Bajwa Nadia M, Yudkowsky Rachel, Belli Dominique, Vu Nu Viet, Park Yoon Soo
a Department of Child and Adolescent Medicine , Children's Hospital, Geneva University Hospitals , Geneva , Switzerland.
b Department of Medical Education , University of Illinois at Chicago, College of Medicine , Chicago , Illinois , USA.
Teach Learn Med. 2018 Apr-Jun;30(2):173-183. doi: 10.1080/10401334.2017.1367297. Epub 2017 Nov 30.
Construct: This study aims to provide validity evidence for the standardized Assessment Letter for Pediatrics as a measure of competencies expected of a 1st-year pediatrics resident as part of a pediatric residency admissions process.
The Narrative Letter of Recommendation is a frequently used tool in the residency admissions process even though it has poor interrater reliability, lacks pertinent content, and does not correlate with residency performance. A newer tool, the Standardized Letter, has shown validity evidence for content and interrater reliability in other specialties. We sought to develop and provide validity evidence for the standardized Assessment Letter for Pediatrics.
All 2012 and 2013 applicants invited to interview at the University of Geneva Pediatrics Residency Program provided 2 standardized Assessment Letters. Content for the letter was based on CanMEDS roles and ratings of 6 desired competencies and an overall assessment. Validity evidence was gathered for internal structure (Cronbach's alpha and generalizability), response process (interrater reliability with intraclass correlation), relations to other variables (Pearson's correlation coefficient), and consequences (logistic regression to predict admission).
One hundred fourteen faculty completed 142 standardized Assessment Letters for 71 applicants. Average overall assessment was 3.0 of 4 (SD = 0.59). Cronbach's alpha was 0.93. The G-coefficient was 0.59. The decision study projected that four Assessment Letters are needed to attain a G-coefficient of 0.73. Applicant variance (28.5%) indicated high applicant differentiation. The Assessment Letter intraclass coefficient was 0.51, 95% confidence interval (CI) [0.43, 0.59]. Assessment Letter scores were correlated with the structured interview (r = .28), 95% CI [0.05, 0.51]; global rating (r = .36), 95% CI [0.13, 0.58]; and admissions decision (r = .25), 95% CI [0.02, 0.46]. Assessment Letter scores did not predict the admissions decision (odds ratio = 1.67, p = .37) after controlling for the unique contribution of the structured interview and global rating scores.

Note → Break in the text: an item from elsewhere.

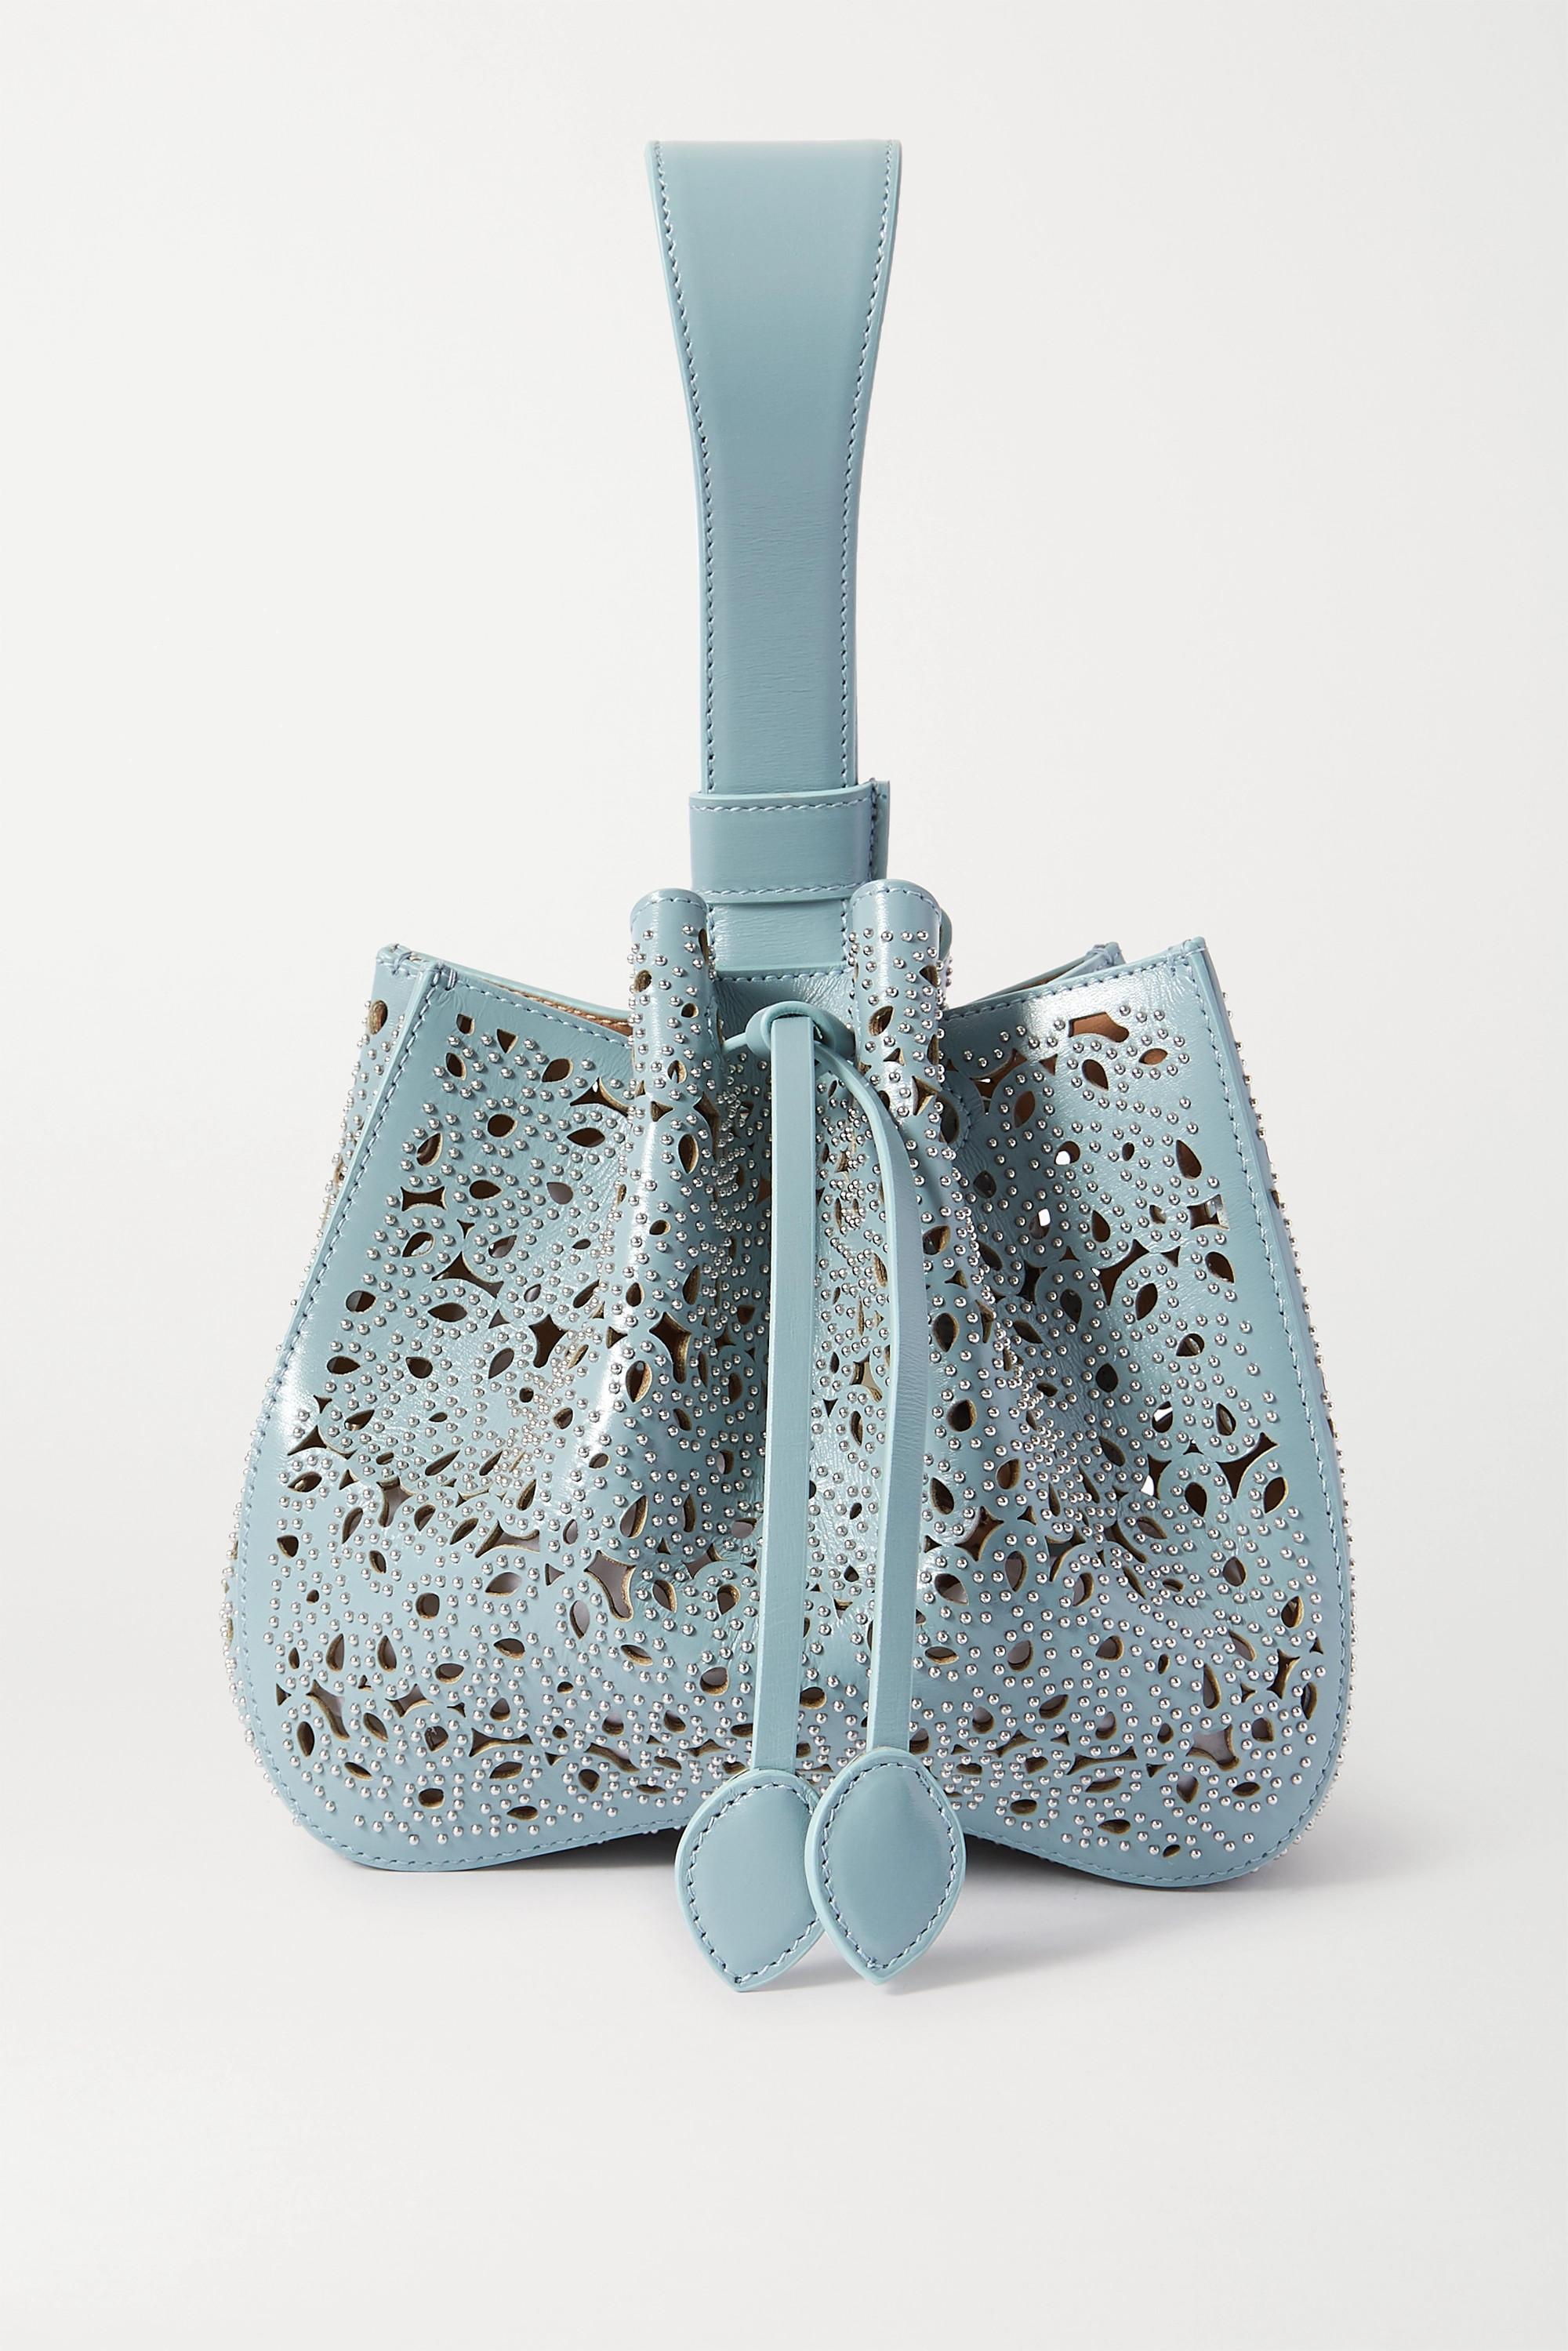 Alaïa Rose Marie small laser-cut leather bucket bag

Validity evidence supports use of the Assessment Letter for Pediatrics; future studies should refine items to improve predictive validity and explore how to best integrate the Assessment Letter into the residency admissions process.
构建:本研究旨在为儿科标准化评估信提供效度证据,该评估信是儿科住院医师招录过程中衡量一年级儿科住院医师所需能力的一种手段。
推荐信在住院医师招录过程中是常用工具,但其评分者间信度较差,缺乏相关内容,且与住院医师表现无相关性。一种更新的工具——标准化信件,已在其他专业领域显示出内容效度和评分者间信度的证据。我们试图开发儿科标准化评估信并提供其效度证据。
所有受邀参加日内瓦大学儿科住院医师项目面试的2012年和2013年申请者提供了2封标准化评估信。信的内容基于CanMEDS角色以及对6项期望能力的评分和总体评估。收集了关于内部结构(克朗巴哈系数和概化系数)、反应过程(组内相关系数的评分者间信度)、与其他变量的关系(皮尔逊相关系数)以及结果(预测录取的逻辑回归)的效度证据。
114名教员为71名申请者完成了142封标准化评估信。总体平均评估为4分制中的3.0分(标准差 = 0.59)。克朗巴哈系数为0.93。G系数为0.59。决策研究预计需要4封评估信才能使G系数达到0.73。申请者方差(28.5%)表明申请者区分度较高。评估信组内系数为0.51,95%置信区间(CI)[0.43, 0.59]。评估信分数与结构化面试相关(r = 0.28),95% CI [0.05, 0.51];总体评分相关(r = 0.36),95% CI [0.13, 0.58];与录取决定相关(r = 0.25),95% CI [0.02, 0.46]。在控制了结构化面试和总体评分分数的独特贡献后,评估信分数未能预测录取决定(优势比 = 1.67,p = 0.37)。
效度证据支持使用儿科评估信;未来研究应完善项目以提高预测效度,并探索如何最好地将评估信纳入住院医师招录过程。